◆ ASSIGNMENT
Give every line of the material back exactly, images removed.

◆ DATA PROVIDED
* * * *

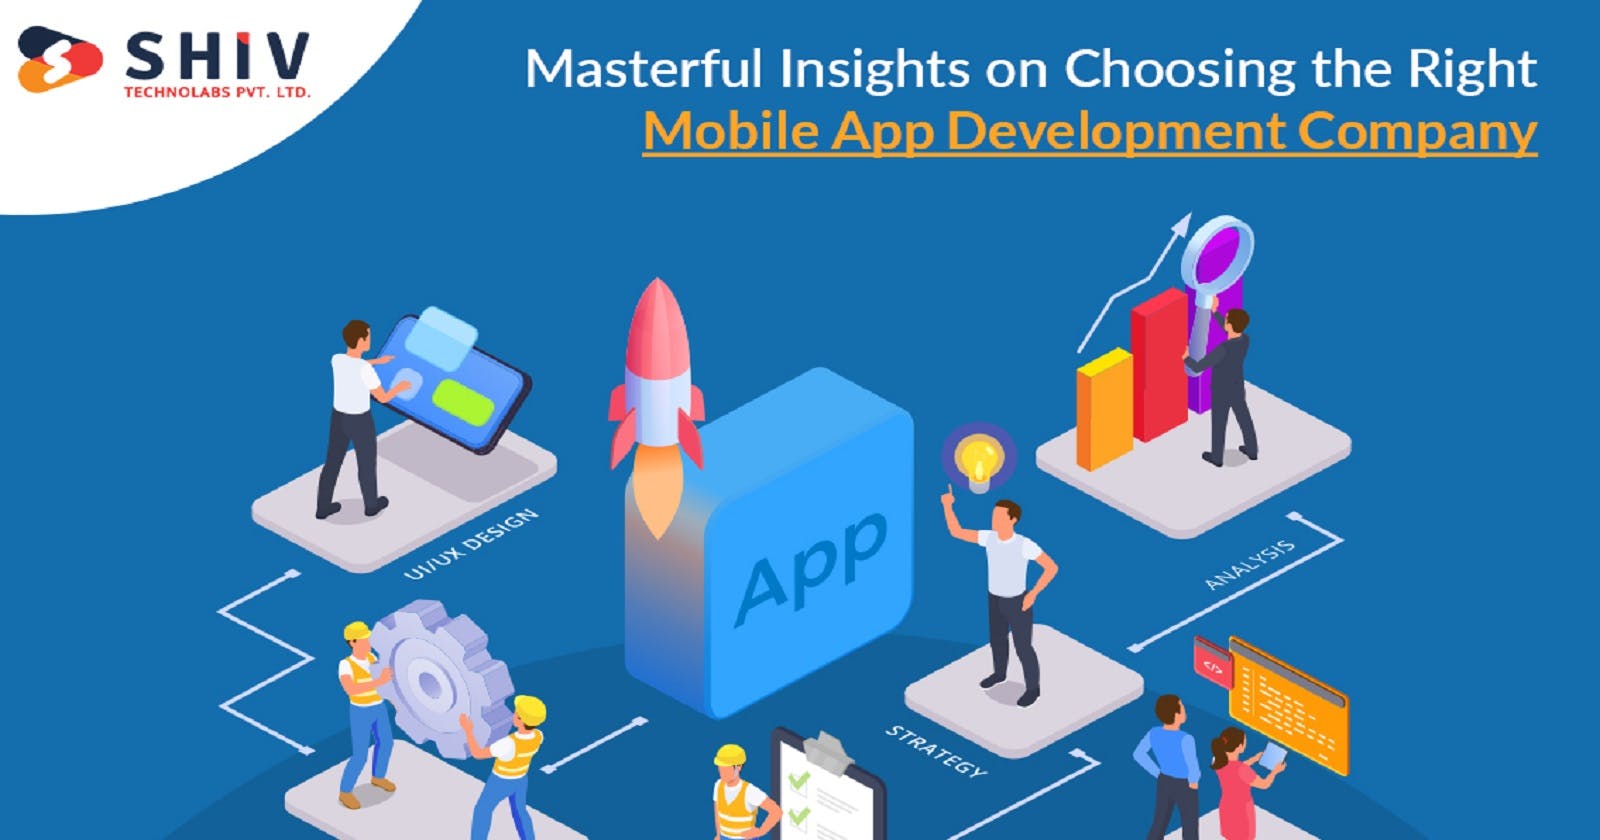 Masterful Insights on Choosing the Right Mobile App Development Company
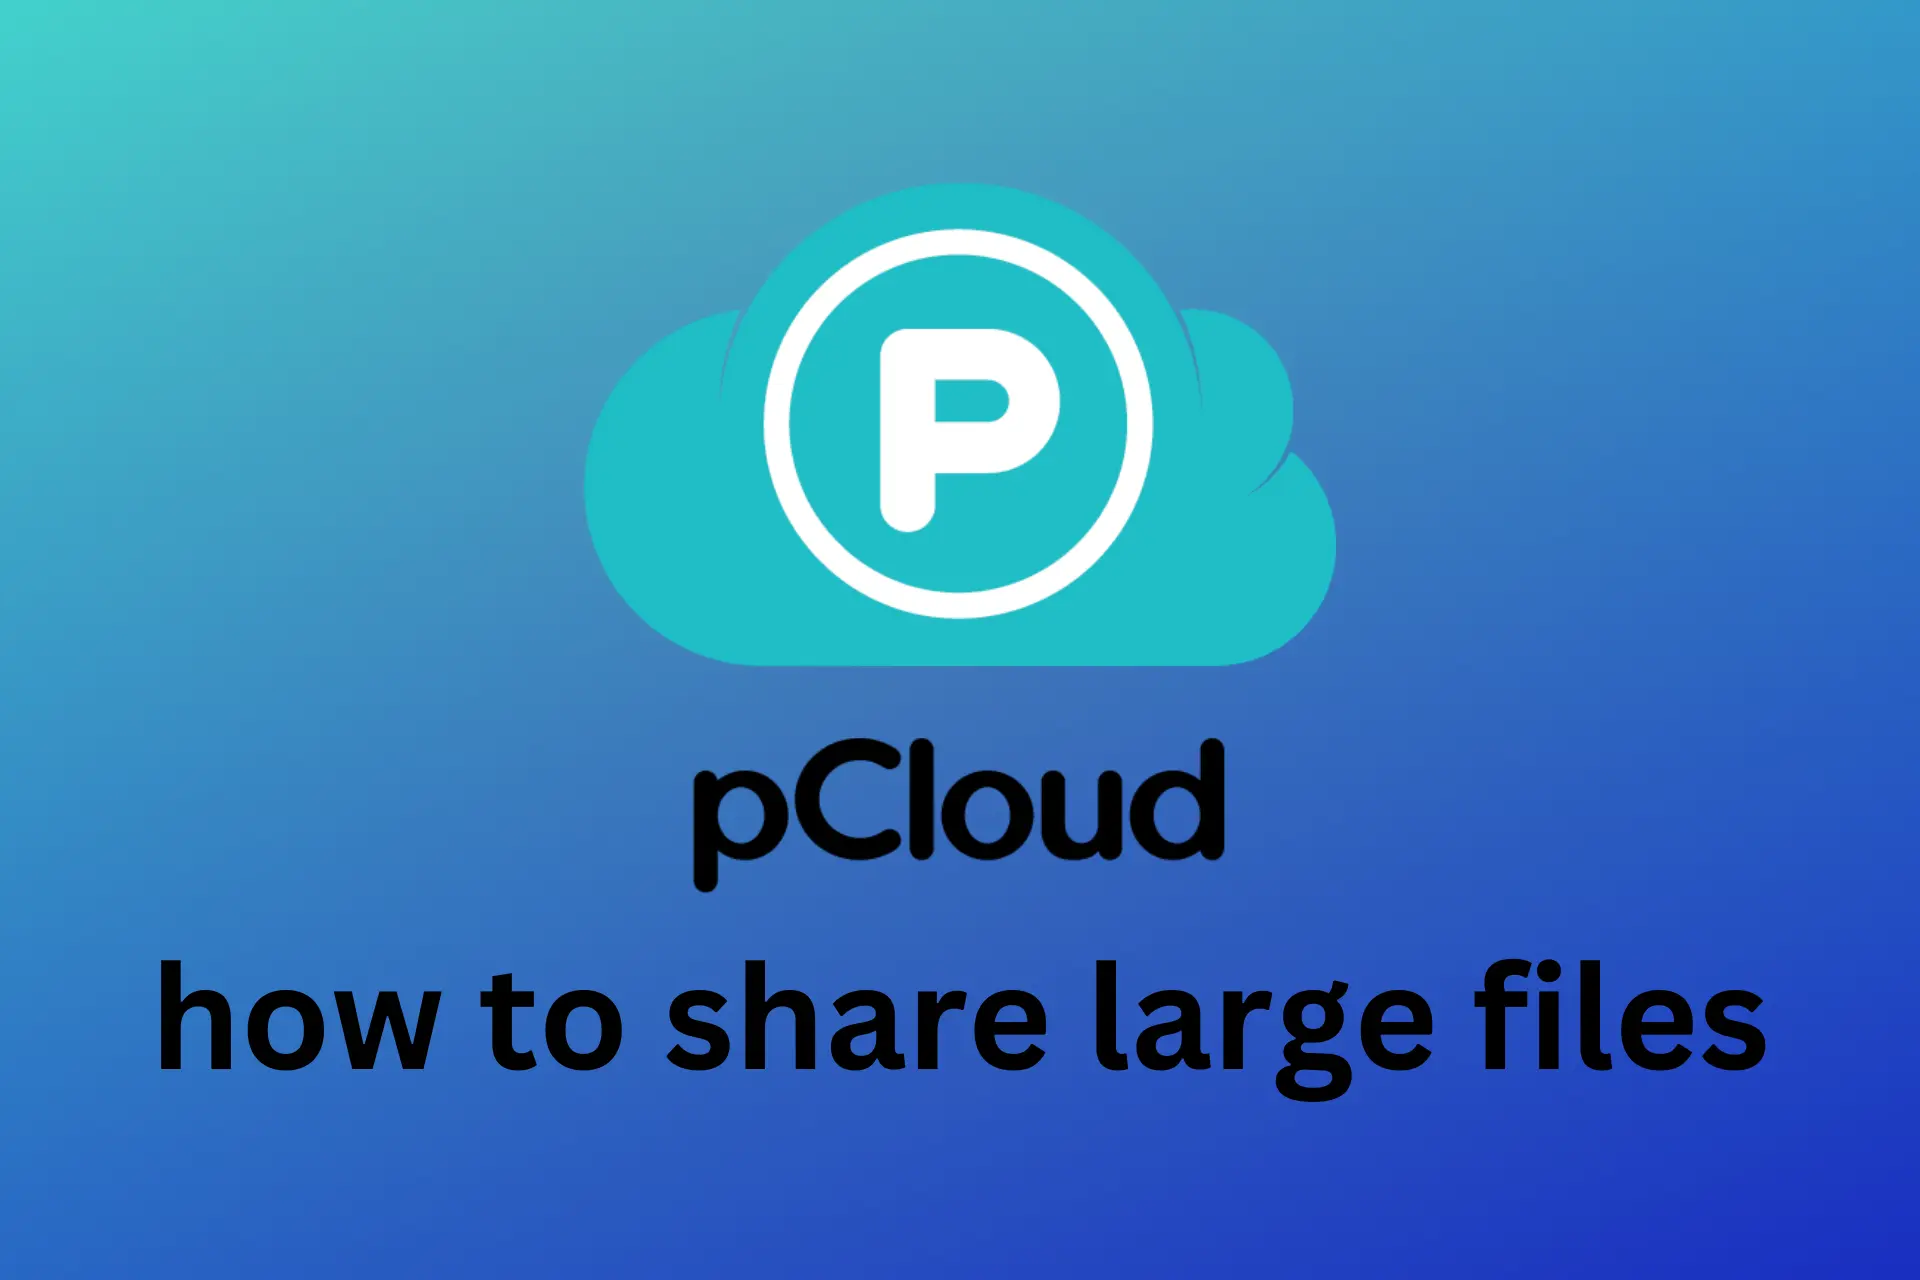 pcloud how to send large files
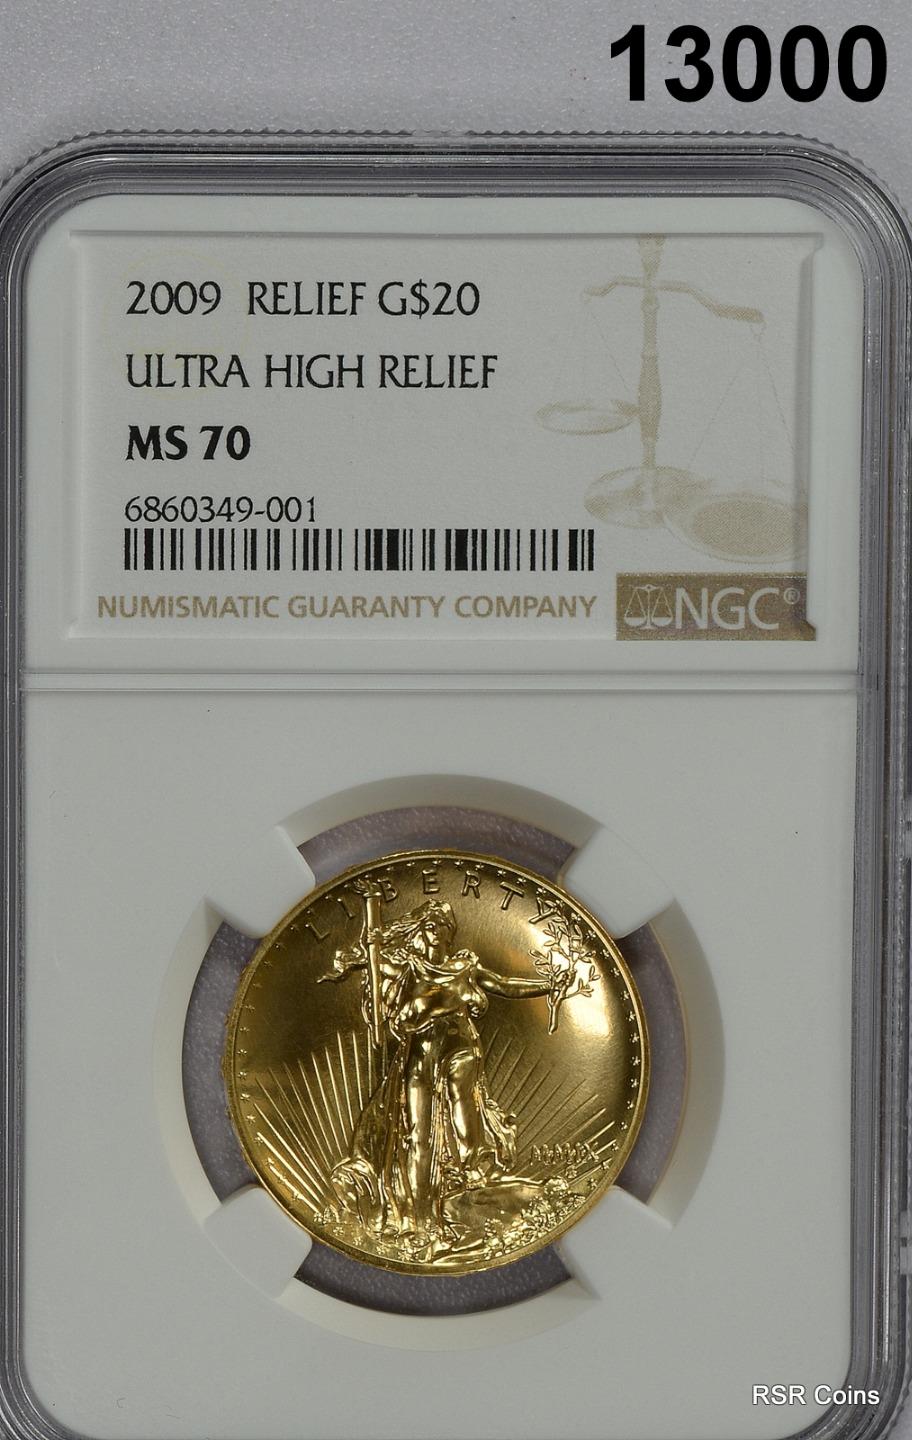 2009 ULTRA HIGH RELIEF G $20 ST GAUDENS NGC CERTIFIED MS70 SEMI PL PERFECT#13001

* * * *

◆ EXPECTED OUTPUT
 Masterful Insights on Choosing the Right Mobile App Development Company
 pcloud how to send large files
 2009 ULTRA HIGH RELIEF G $20 ST GAUDENS NGC CERTIFIED MS70 SEMI PL PERFECT#13001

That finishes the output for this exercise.